*Your goal*: Copy out the full listing exactly, omitting any picture it contains.

*** Exercise data

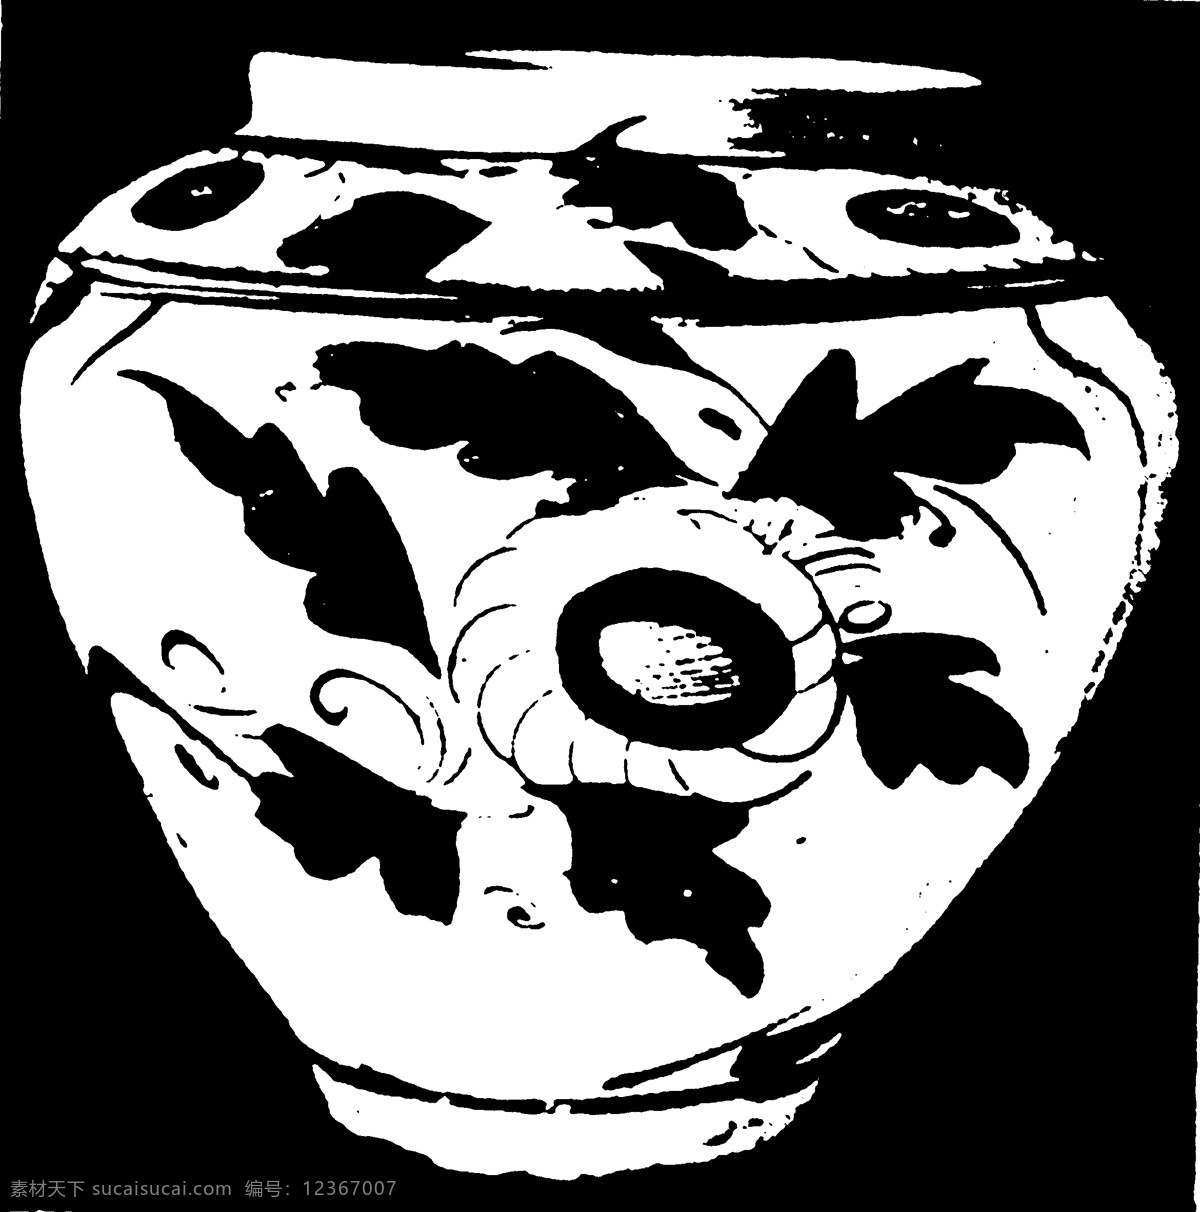 器物图案 两宋时代图案 中国 传统 图案 设计素材 装饰图案 书画美术 黑色
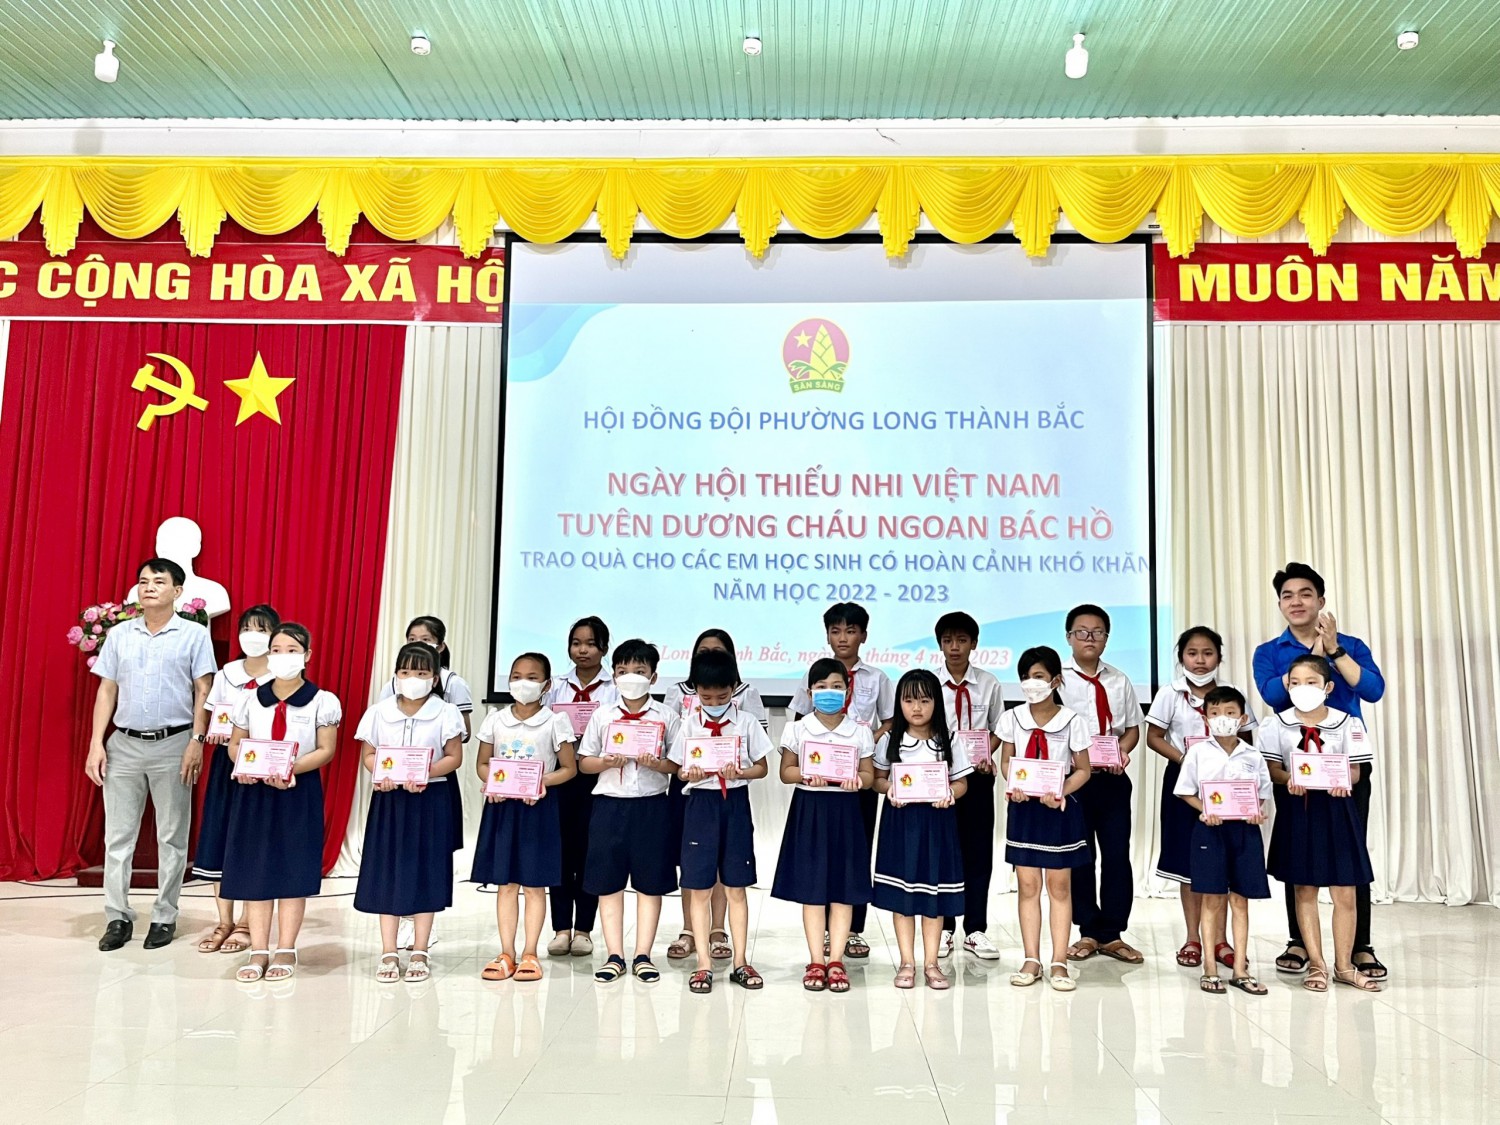 Hội đồng đội phường Long Thành Bắc tổ chức “Ngày hội Thiếu nhi Việt Nam” tuyên dương cháu ngoan Bác Hồ.
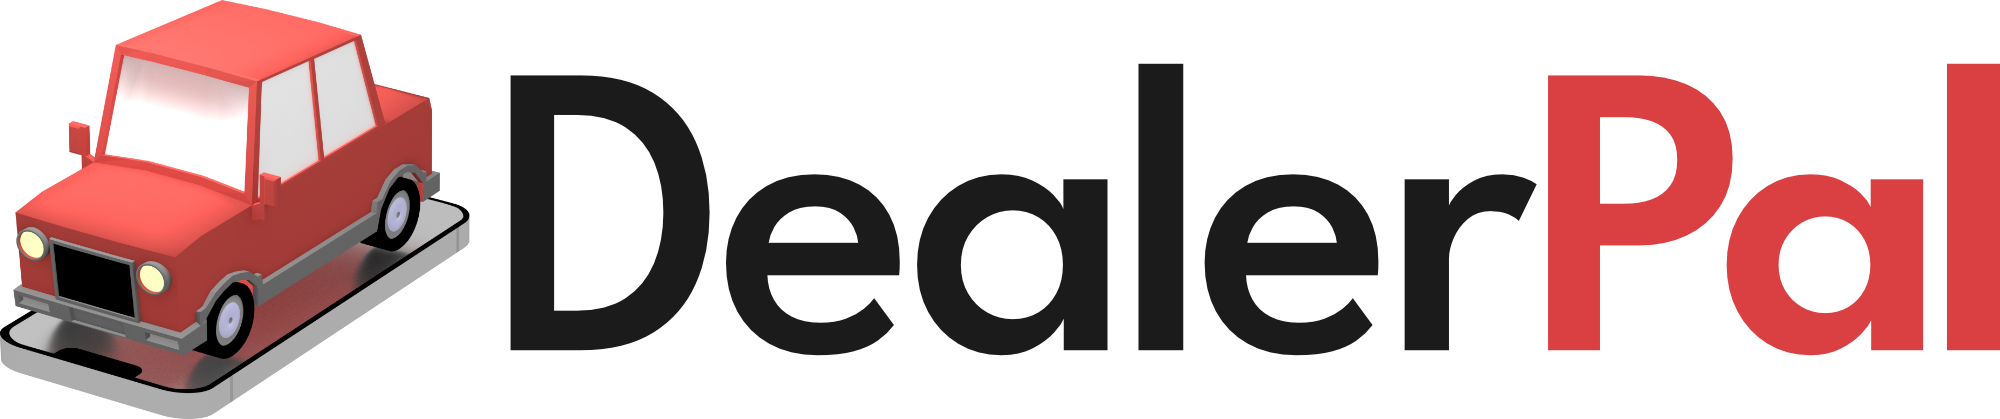 Dealerpal logo - click to go home
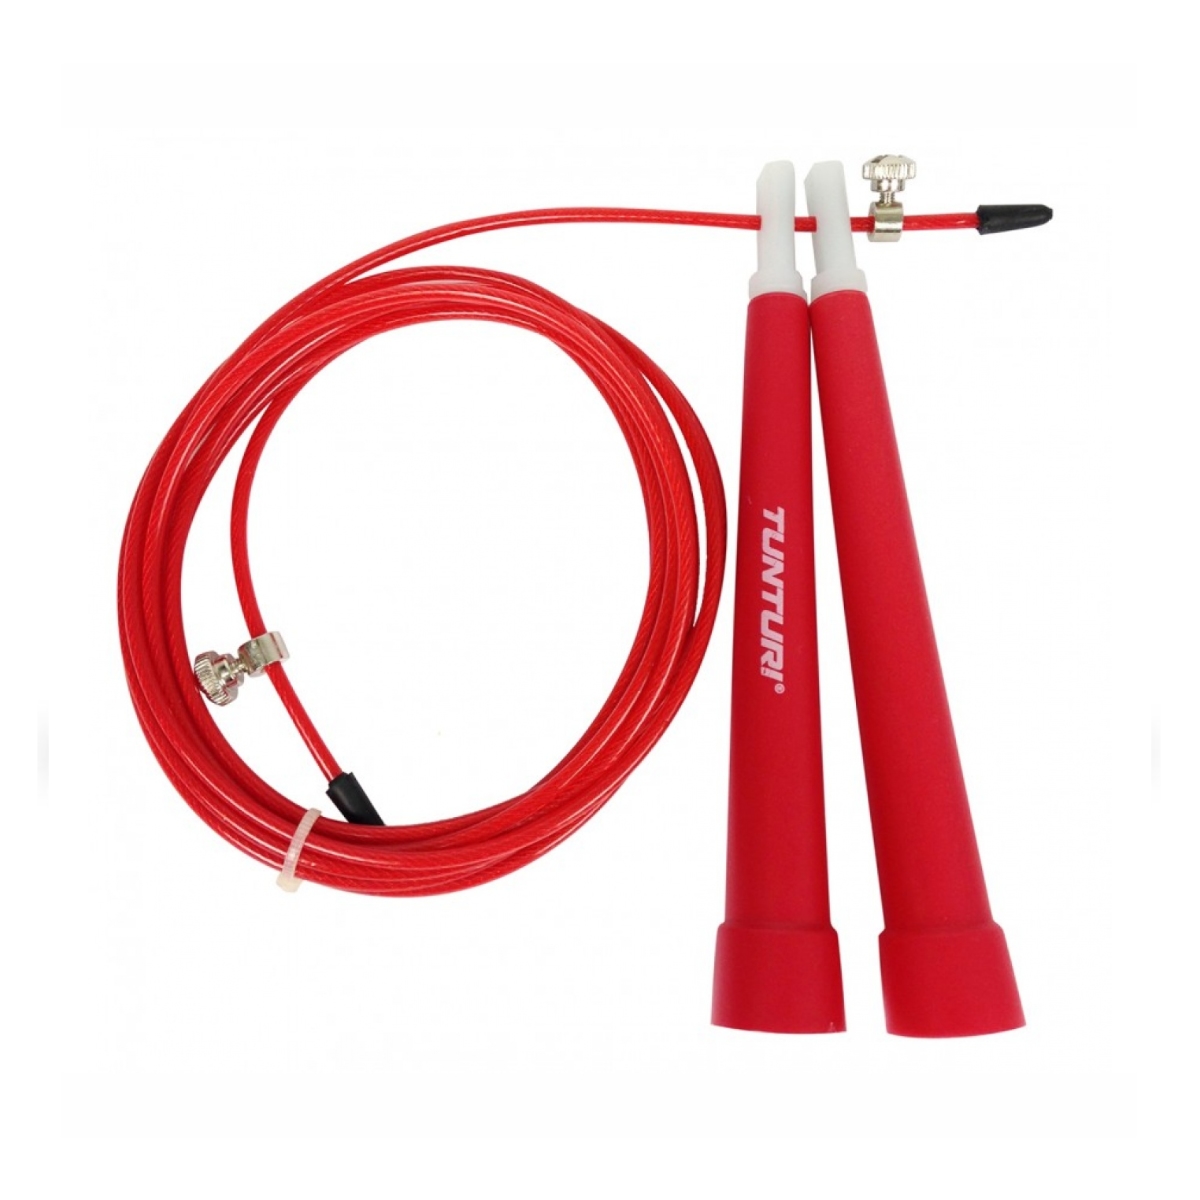 Brug Tunturi Wire Jump rope - Rød til en forbedret oplevelse

******

*The answer*:
 器物图案 两宋时代图案 中国 传统 图案 设计素材 装饰图案 书画美术 黑色
 Hội đồng đội phường Long Thành Bắc tổ chức “Ngày hội Thiếu nhi Việt Nam” tuyên dương cháu ngoan Bác Hồ.
 Dealerpal logo - click to go home
 Brug Tunturi Wire Jump rope - Rød til en forbedret oplevelse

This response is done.